Patchguard
A safety and coordination layer around AI-assisted coding: isolated, reviewable, reversible edits.
- Status
- Phase 2
- Year
- 2026
- Role
- Solo project
- Built with
- CLI, Git, AI coding workflow
The problem
Tools like Claude and Codex made generating code cheap, so the bottleneck moved. The new hard parts are trusting what changed, isolating a risky edit, and running more than one session without living in fear of the merge.
The approach
Patchguard is a layer around normal AI-assisted coding. It does not replace the model. You keep using Claude or Codex as you do now, and Patchguard makes the work isolated, reviewable, and easy to roll back. The first version is deliberately small: one active session in the repo at a time, isolated on its own Git branch, with a clear accept-or-reject review step.
Technical challenges
- Isolation and reversibility first. Before any orchestration, the goal was to make a single risky change trivial to undo. A lot of AI-workflow tooling reaches for parallelism too early; without clean rollback, more parallelism just means more ways to get hurt.

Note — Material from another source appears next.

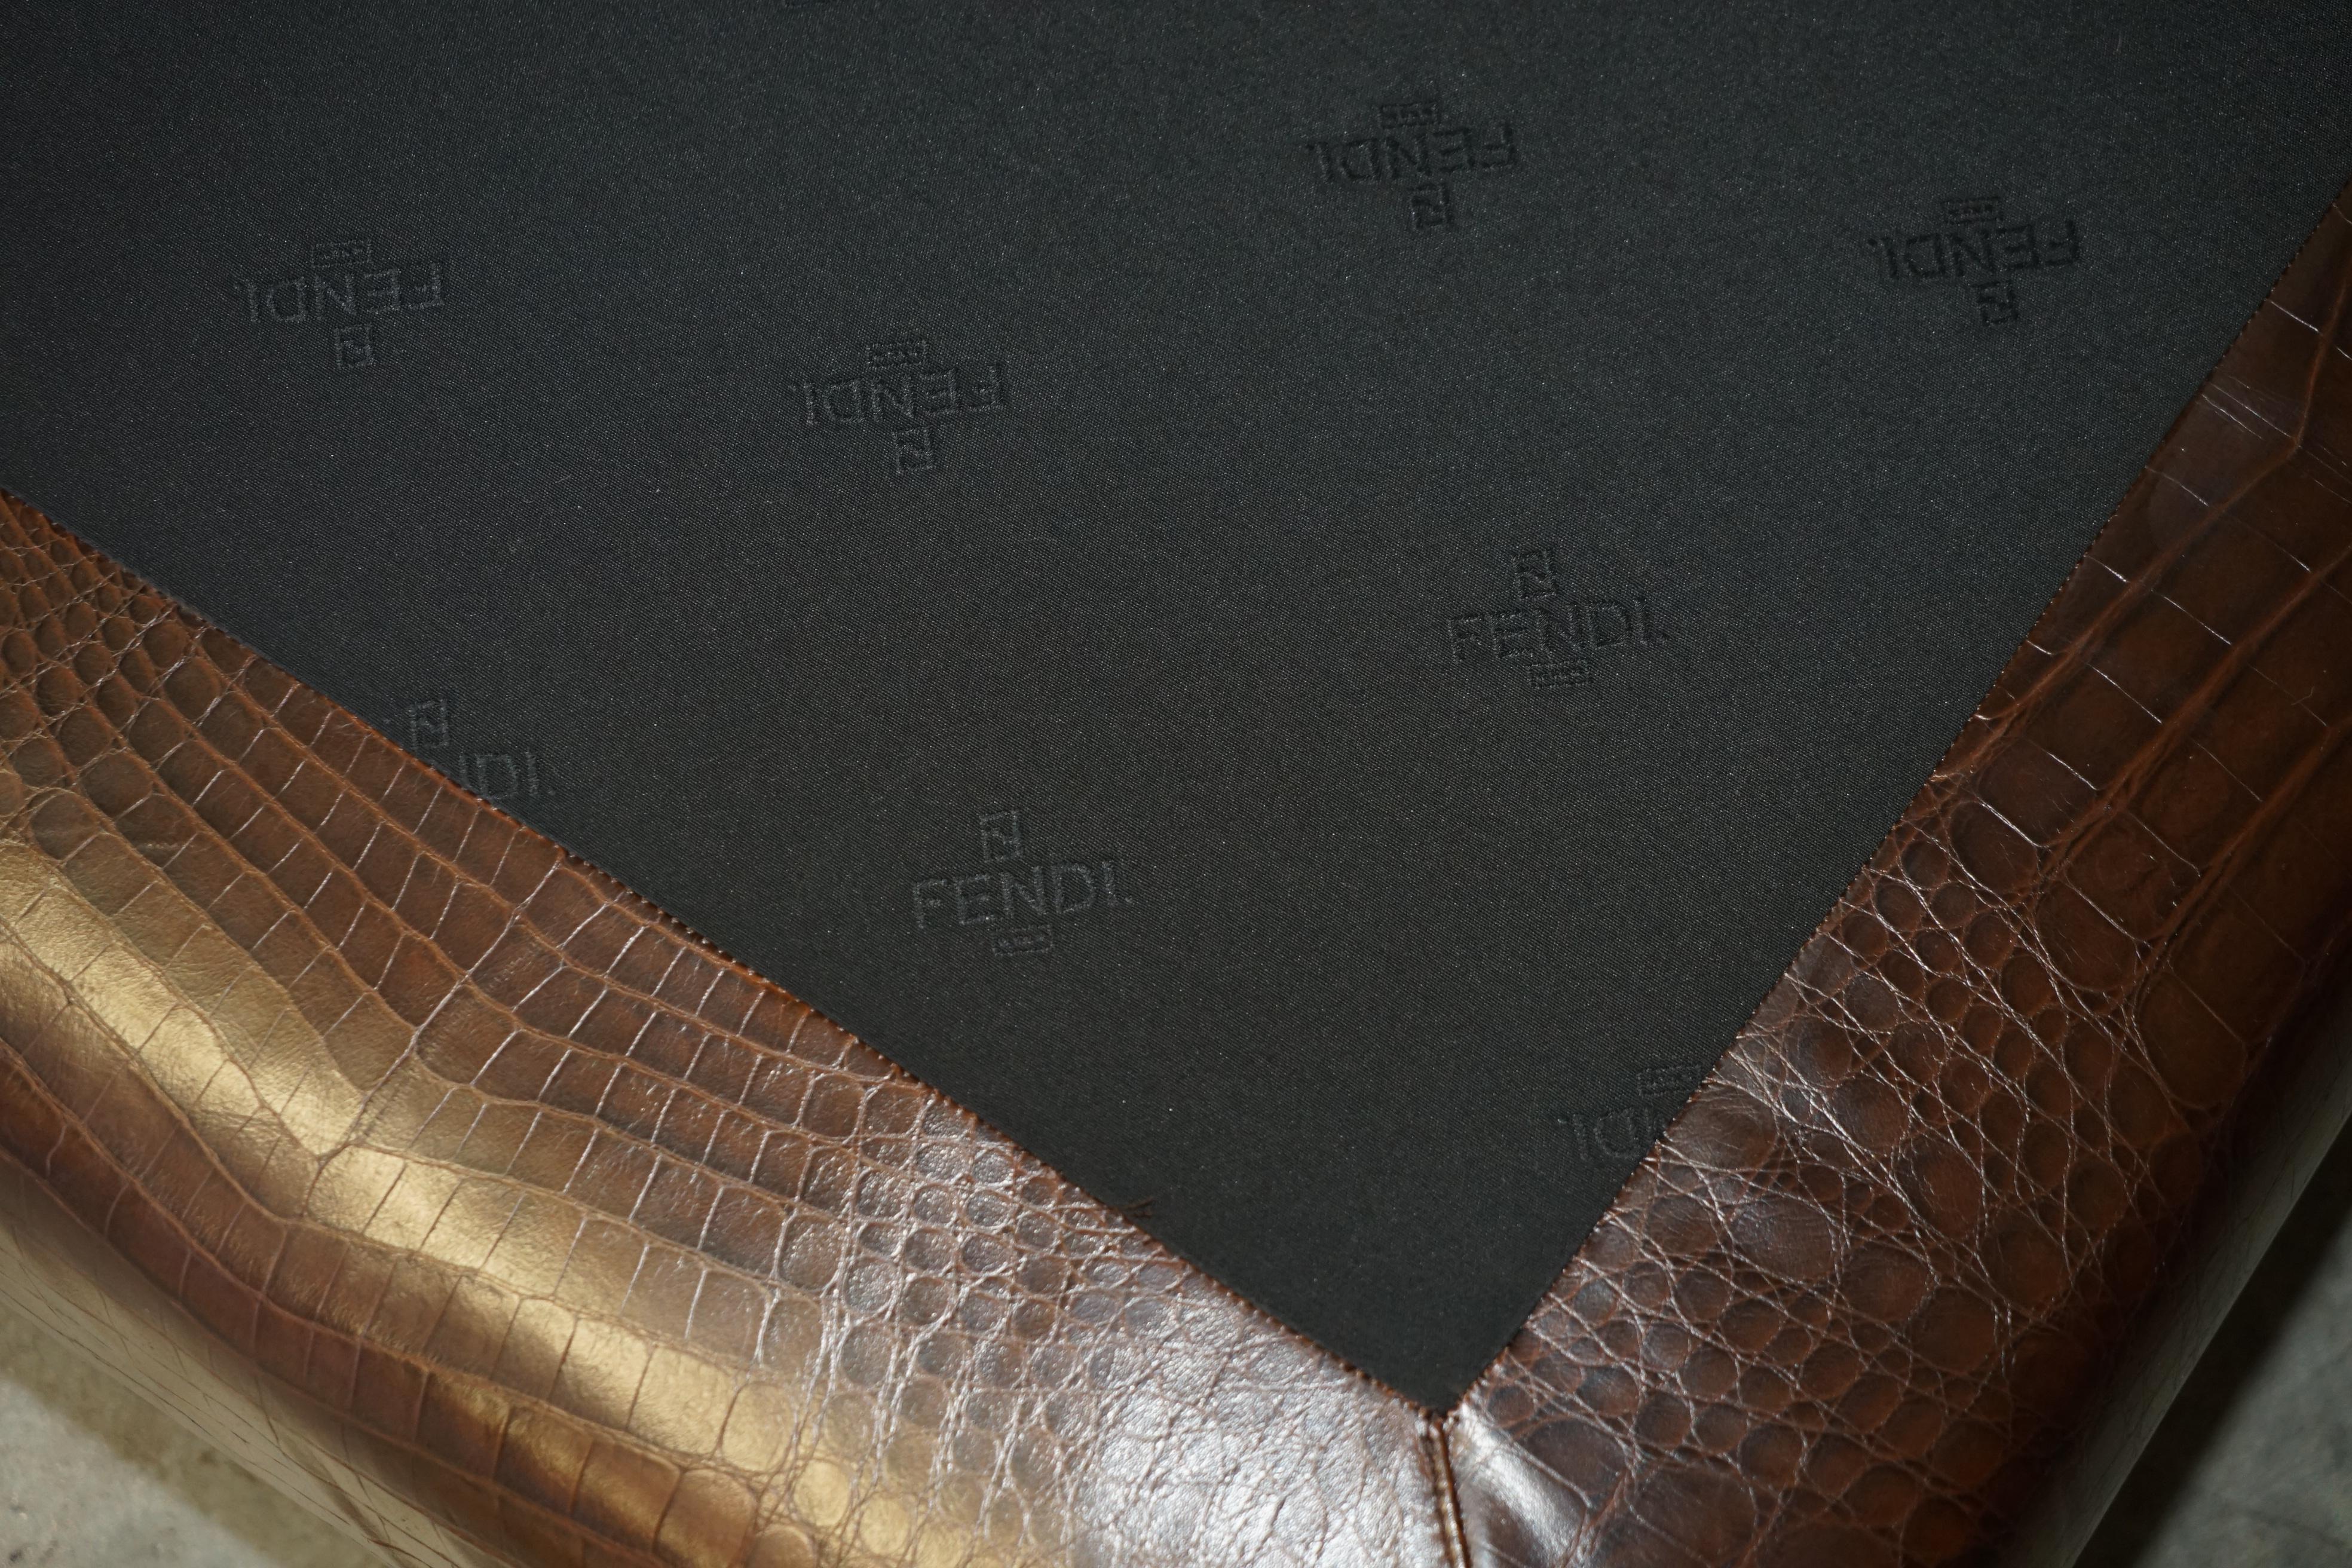 Leather EXQUISITE FENDI CASA CROCODiLE ALLIGATOR LEATHER PATINA EMPEROR BED For Sale
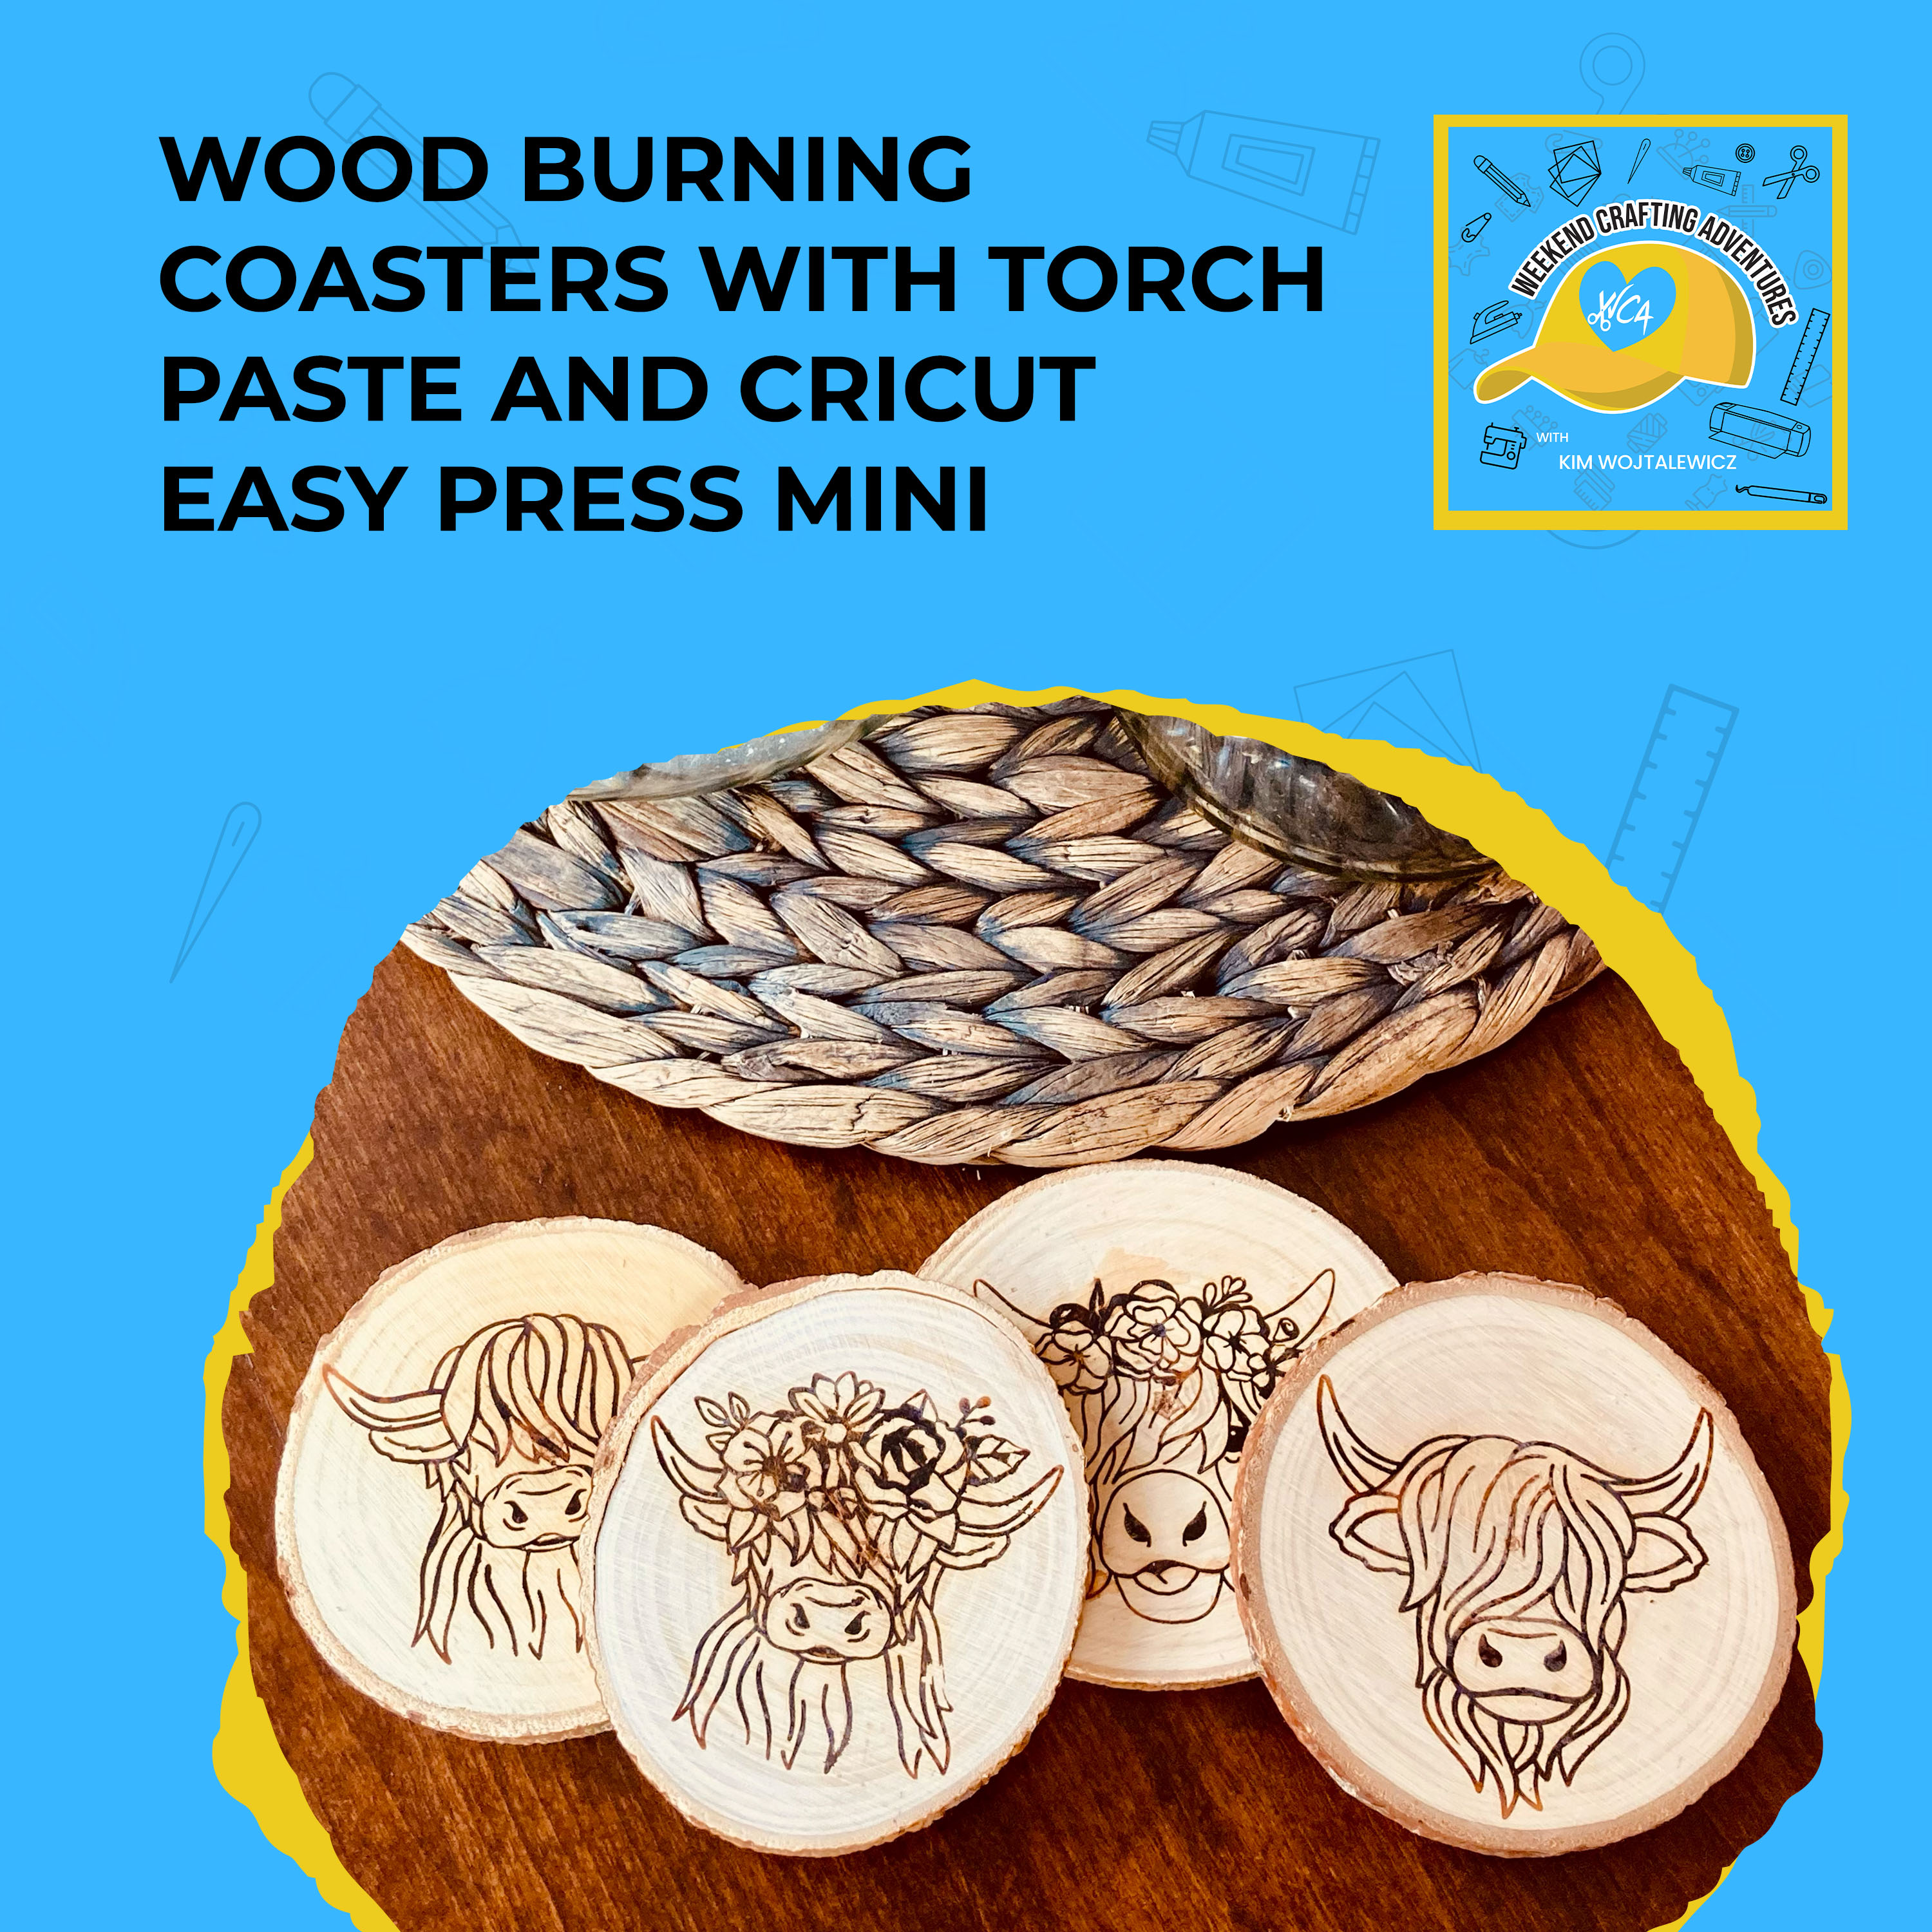 Torch Paste the Original Wood Burning Paste

- A review surface that fits Git. Sessions map to branches with explicit review and finish steps, so the safety model is built on primitives I already trust.
Outcome
Phase 2 today: task coordination across sessions, branch-based isolation, and
session review. The roadmap grows outward to worktree-based parallel sessions and,
eventually, declarative orchestration through a Patchguardfile.
What I’d do differently
Nothing structural yet. The “smallest safe unit first” ordering has held up well as the foundation everything else rests on.